--- PROBLEM TO SOLVE ---
Each line of the material must be reproduced exactly; pictures stay out.

--- DATA BLOCK ---

━━━━━━━━━━━━━━━━━━━━━━━━━━━━━━

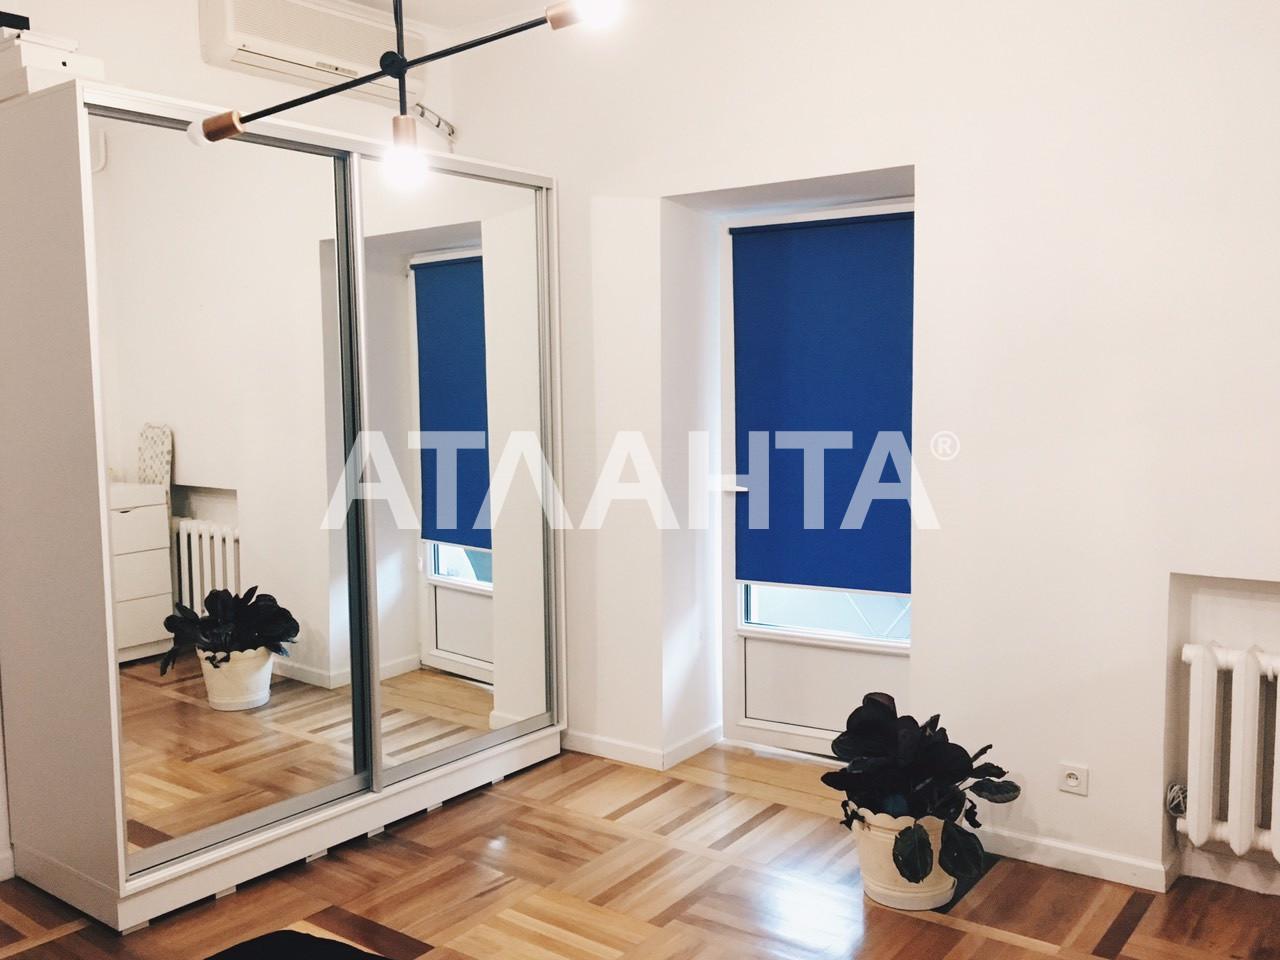 Продается 2-комнатная Квартира на ул. Семинарская (Гамарника) — 75 000 у.е. (фото №3)
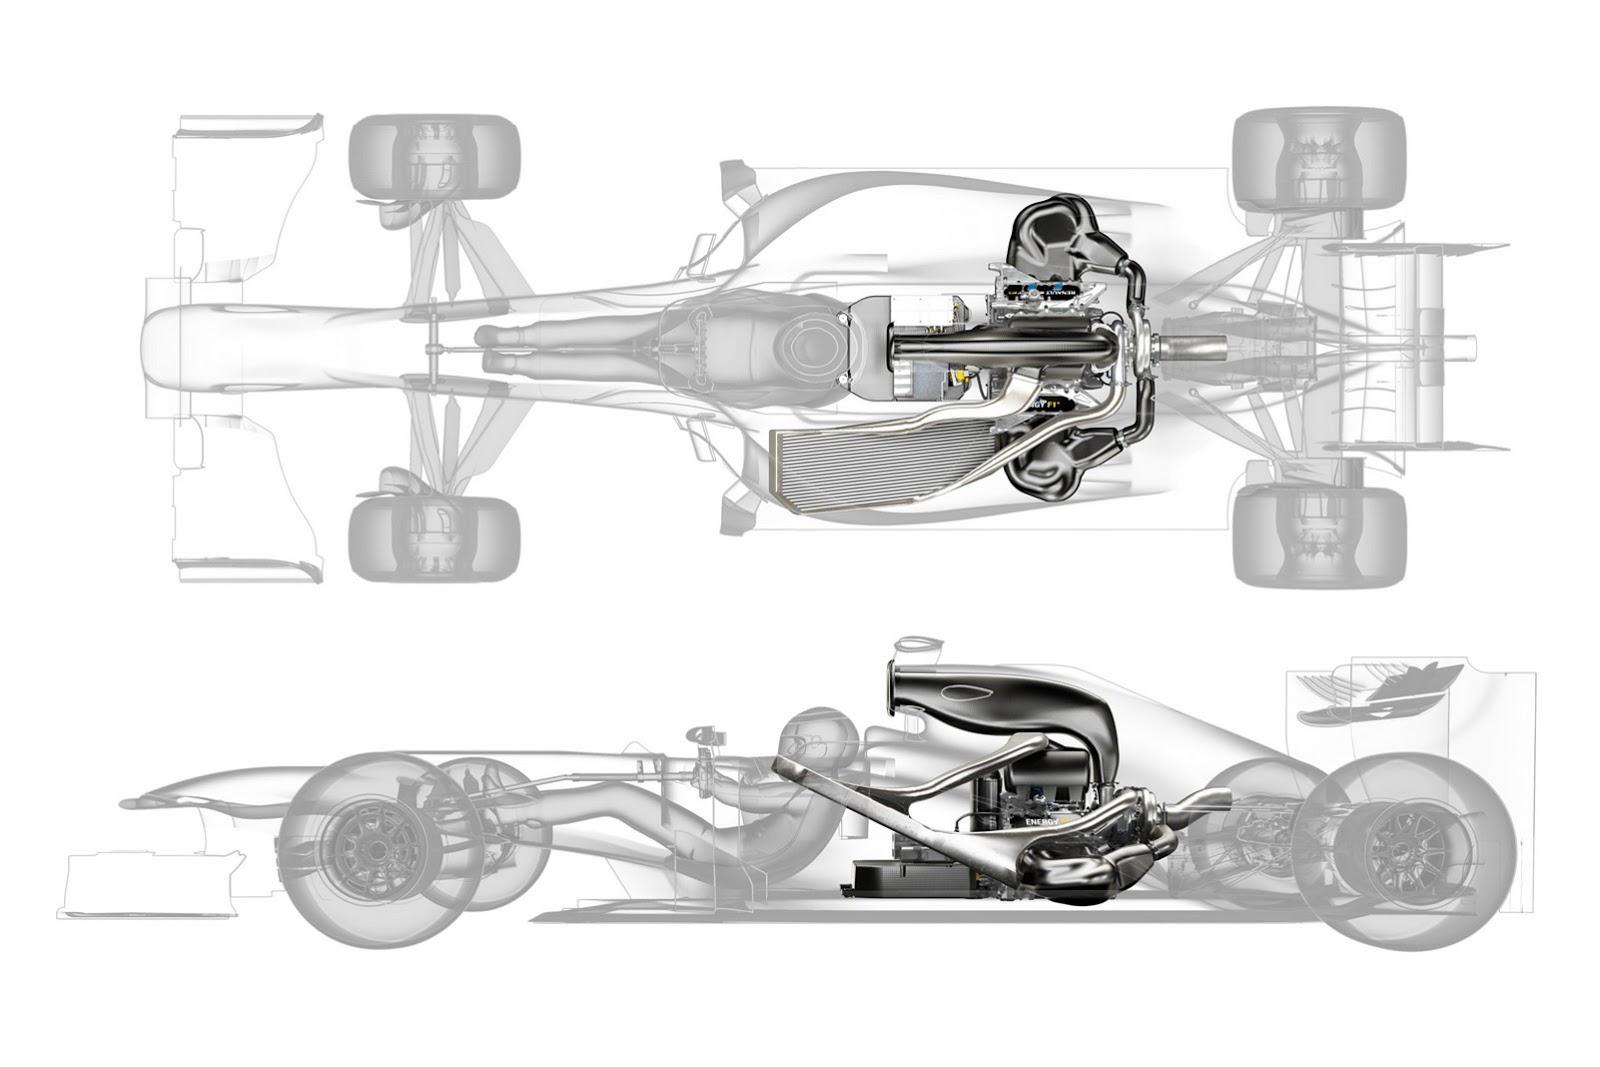 Uloženie V6 turbo motora v monoposte F1
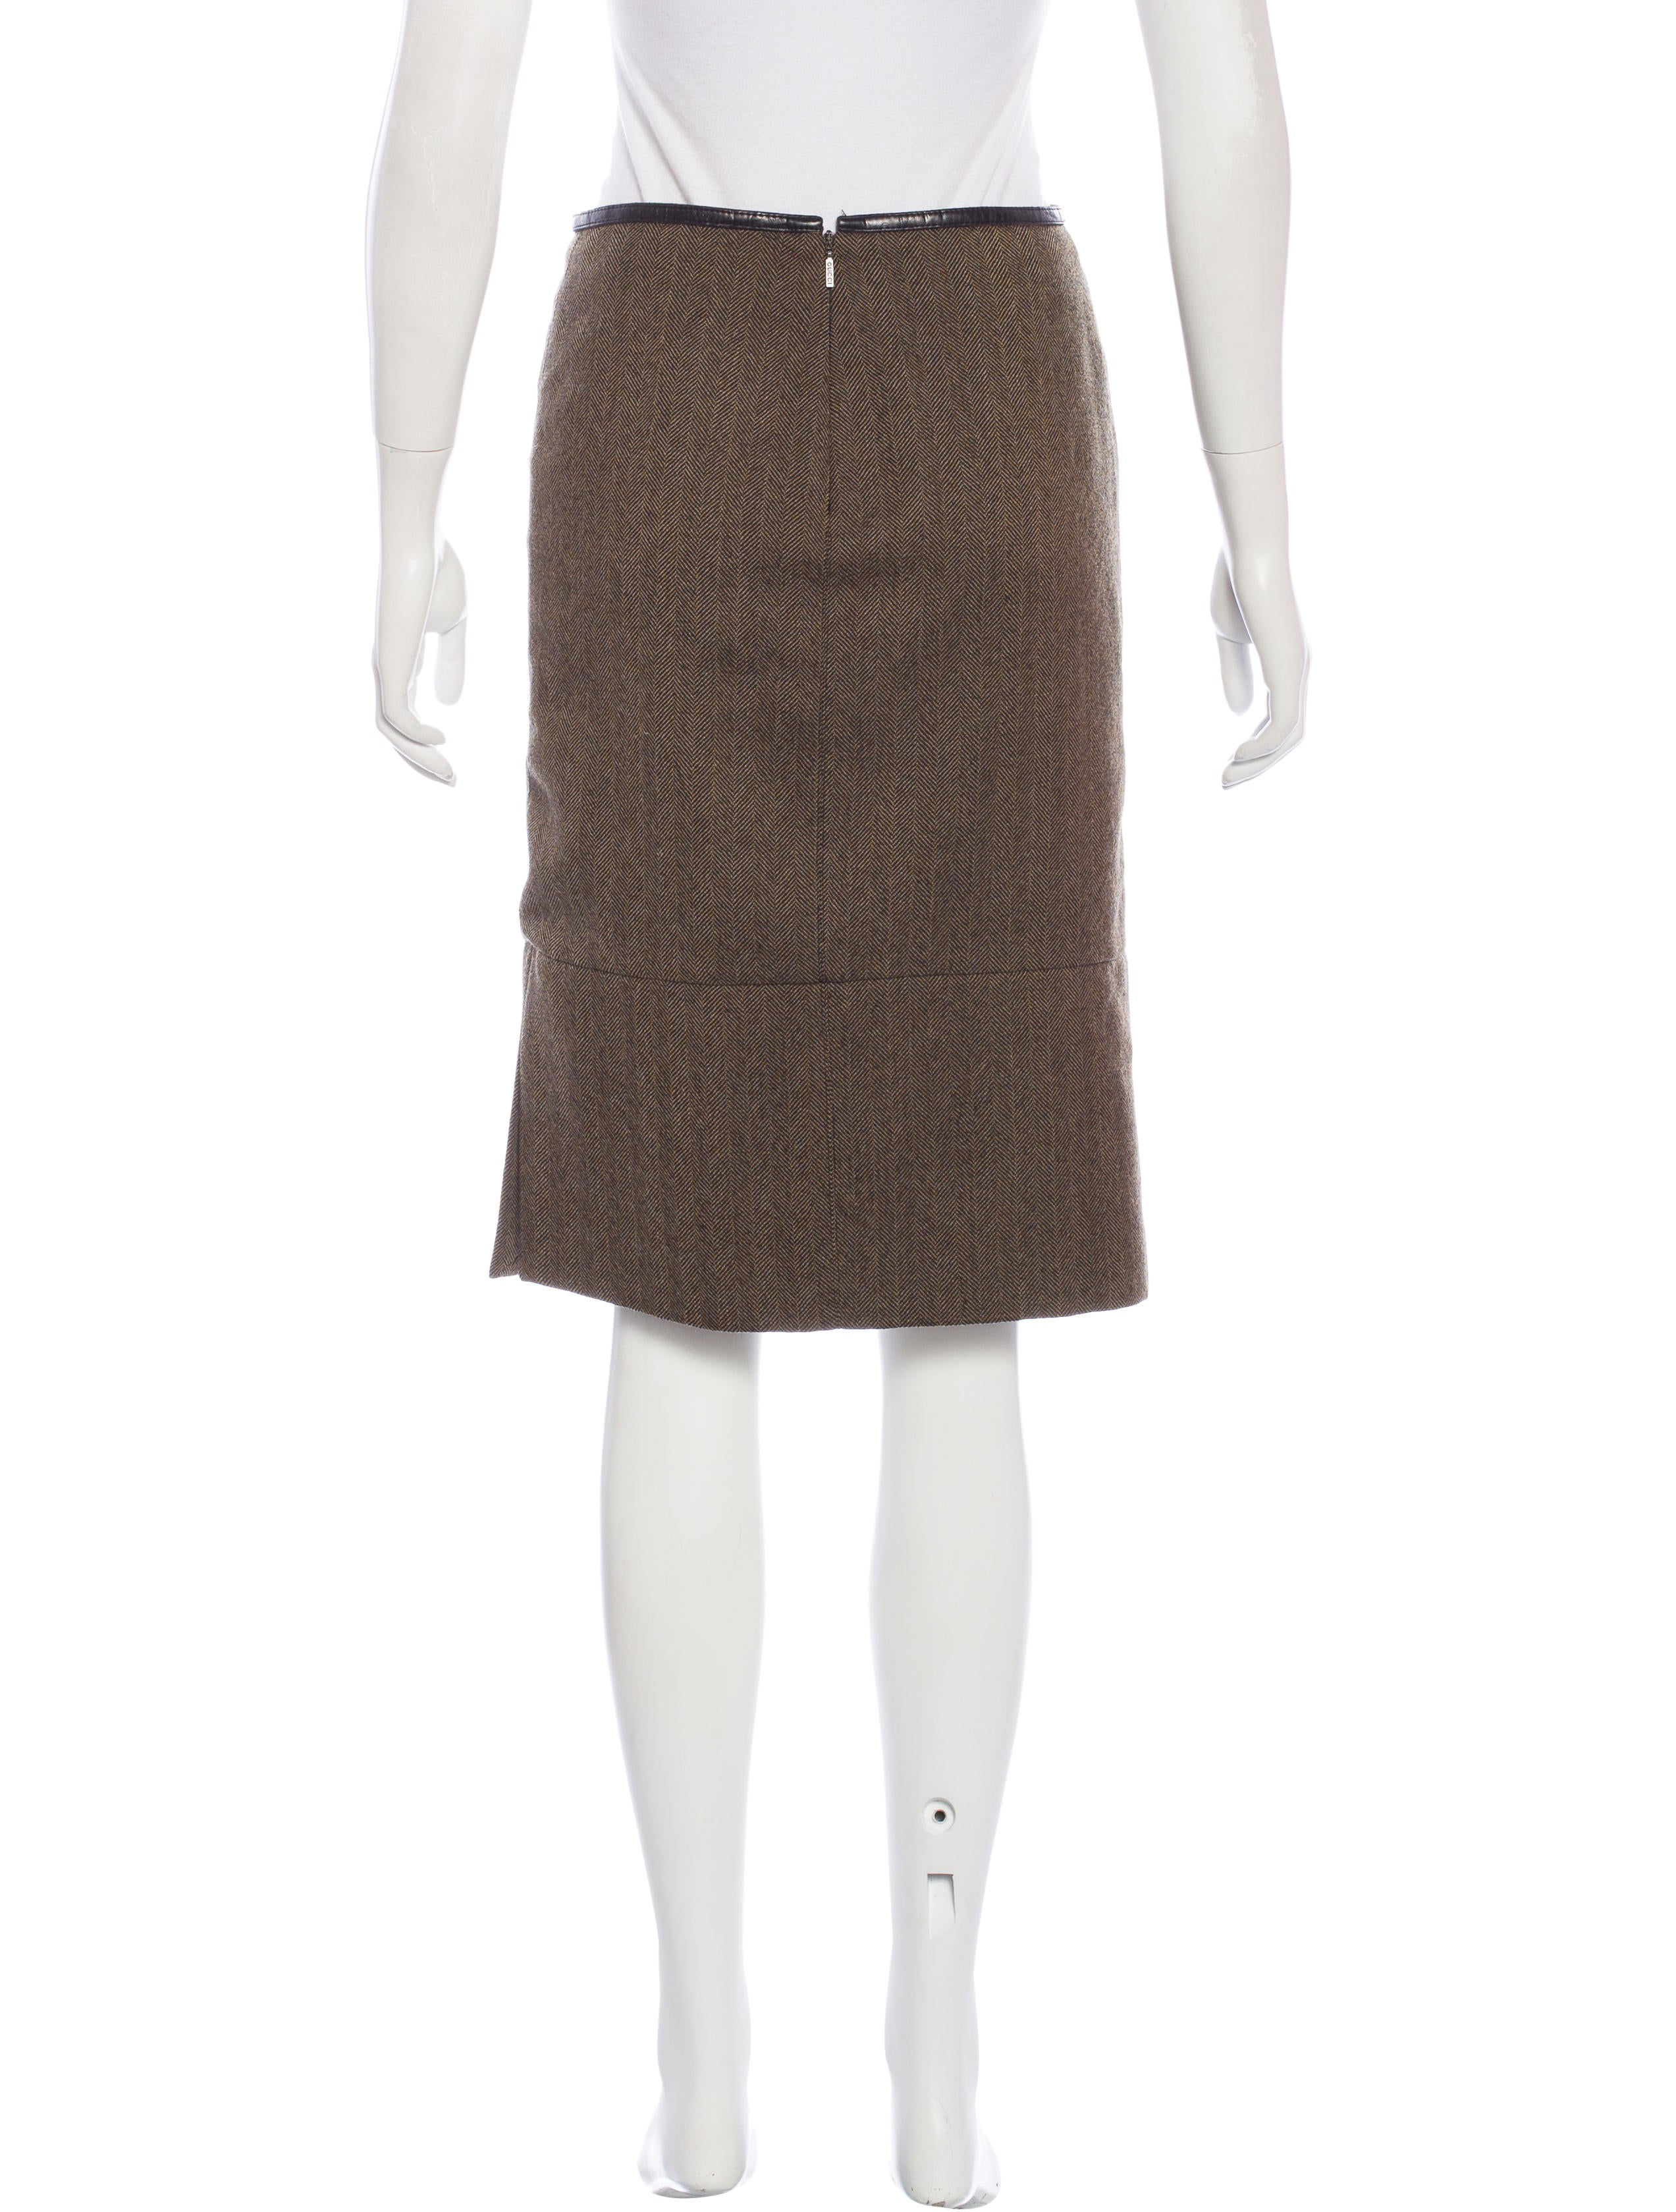 Gucci Wool Pencil Skirt - Clothing - GUC136397 | The RealReal

━━━━━━━━━━━━━━━━━━━━━━━━━━━━━━

--- ANSWER SECTION ---
 Продается 2-комнатная Квартира на ул. Семинарская (Гамарника) — 75 000 у.е. (фото №3)
 Uloženie V6 turbo motora v monoposte F1
 Gucci Wool Pencil Skirt - Clothing - GUC136397 | The RealReal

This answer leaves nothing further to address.